Born McKinley Howard Dorham in Fairfield, Texas on August 30, 1924, Kenny D. was a self-taught musician who played the trumpet and piano. His music making was masterful, at par with the better-known trumpeters like Lee Morgan, Freddie Hubbard and Donald Byrd.

Tonight, I chose WHISTLE STOP (BN ST-84063), Dorham’s first Blue Note recording as a leader, originally released in 1961.  First, the music:

Selections:

1. Philly Twist

2. Buffalo

3. Sunset

4. Whistle Stop

5. Sunrise in Mexico

6. Windmill

7. Dorham's Epitaph

Regardless of format or vinyl reissue I have listened to, Whistle Stop is always beautiful top tier bluesy hard-bop. All seven cuts are original compositions by Kenny Dorham.

At the time of the recording, Dorham and Mobley had already played together in the Jazz Messengers and, later, in Max Roach’s band (after the death of Clifford Brown in 1956.) The two men’s musical partnership and conversation comes through their horns with joyful confidence. 

Kenny Drew unobtrusively comps along and offers lovely piano solos. Paul Chambers and Philly Joe Jones, who were part of the Miles Davis Quintet that gave us Kind of Blue, propel the proceedings with power and unwavering rhythm. Of course, Drew, Chambers and Jones were the rhythm section on John Coltrane’s Blue Train (Blue Note BLP 1577).

All the pieces on Whistle Stop are very enjoyable indeed. However, to my ears, Sunrise in Mexico tops them, perhaps because of Chambers’ steady, walking bass and Drew’s delicious melodies.

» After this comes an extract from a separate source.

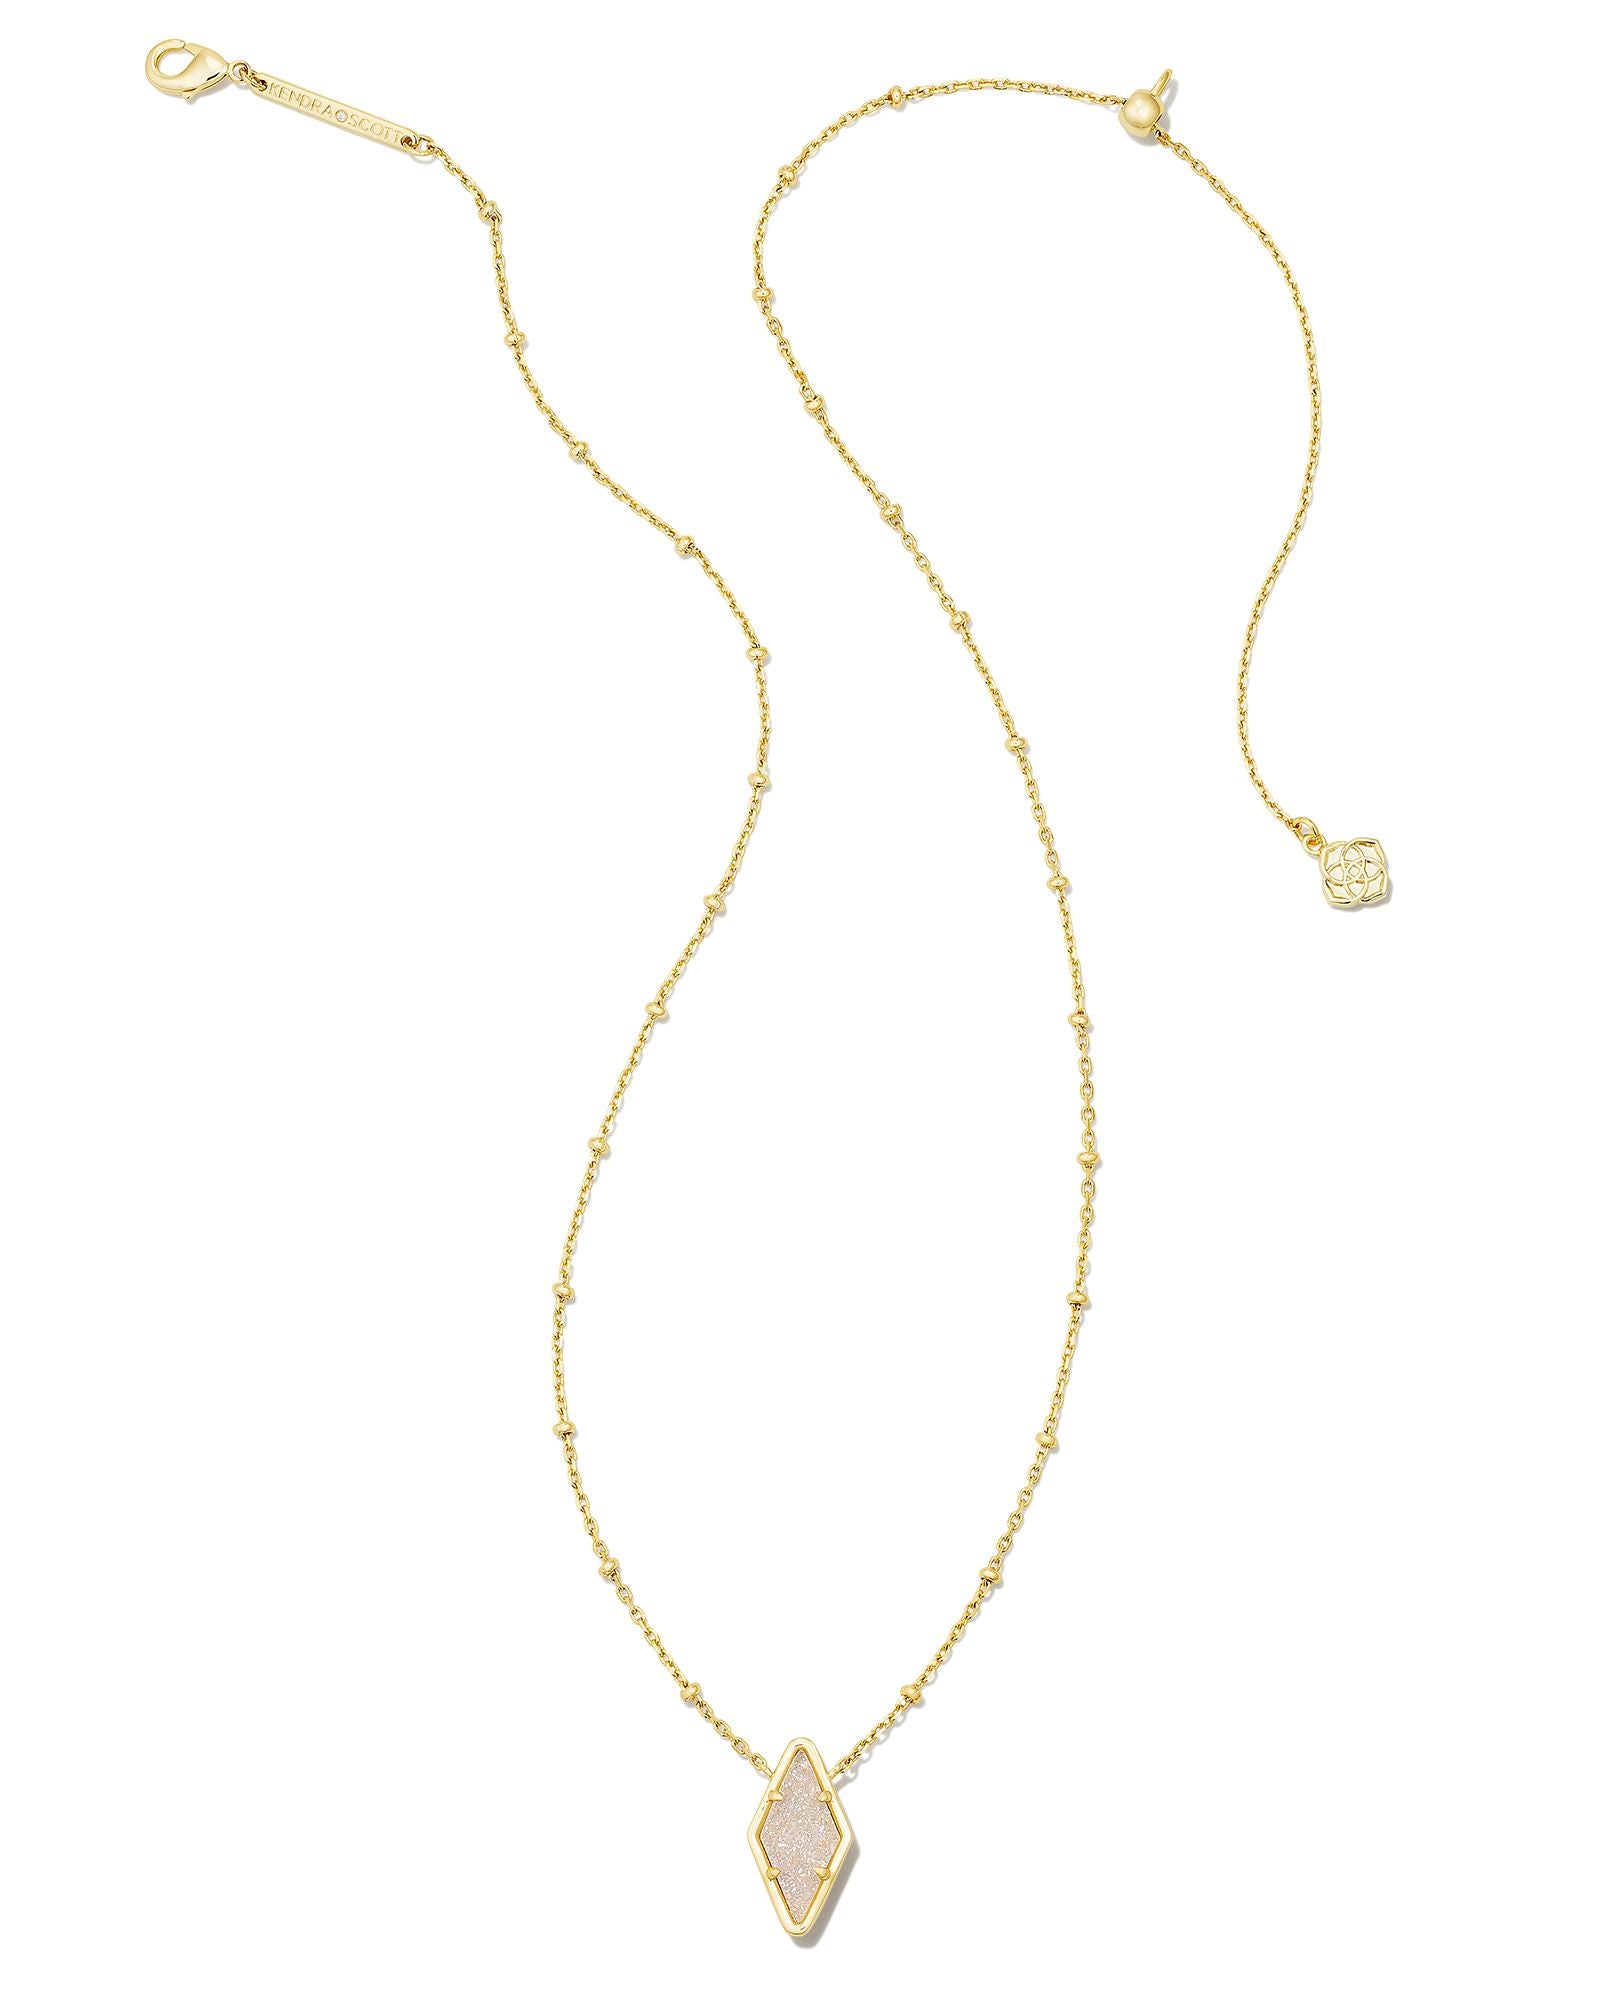 Kendra Scott | Kinsley Gold Short Pendant Necklace in Iridescent Drusy - Giddy Up Glamour Boutique

Now, the sound: Reissued as a numbered and limited edition of 2500 copies, the Analogue Productions edition was mastered by the celebrated Kevin Gray & Steve Hoffman at AcousTech, using original master tapes. Pressed on two 180g Virgin Vinyl LPs by Record Technology, Incorporated (RTI) in Camarillo, California, these 45 RPM records sound very good indeed, certainly much better than the CD (RVG series) version and downloads that I have heard. 

I have not listened to the Classic Records (2009) or the Japanese re-issues. I have certainly not listened to the original version from 1961.

What I also listened to tonight was a mint review copy of the upcoming 33 1/3 RPM reissue that Ron Rambach, owner of Music Matters Jazz, gave me when I visited him in Oxnard, California on Friday October 21, 2016.  The sound that emanates from this 180g virgin vinyl pressing! The musical revelation! This sounds clearer and more dynamic than the Analogue Productions set, with all instruments very distinct and yet together.

On “Buffalo”, one hears Chambers’ bass with a clarity that surpasses that on other reissues. The great blues playing sounds very fresh.  Mobley’s majestic, swinging, flawless and guttural tenor is in the big Texan mode.

Dorham’s trumpet has a fatness that recalls Clifford Brown.

This is essential Jazz music, presented by an outstanding unit led by a trumpeter who was not given the accolades he rightly deserved during his life. His premature death from kidney failure on December 5, 1972 robbed us of one of the most talented players and innovators. 

That Dorham died 10 months after Lee Morgan, another great Jazz trumpeter, was murdered by his wife was a double tragedy.  Fortunately, their music lives on, thanks to the work of those who recorded, preserved and reissued their work with meticulous attention to detail.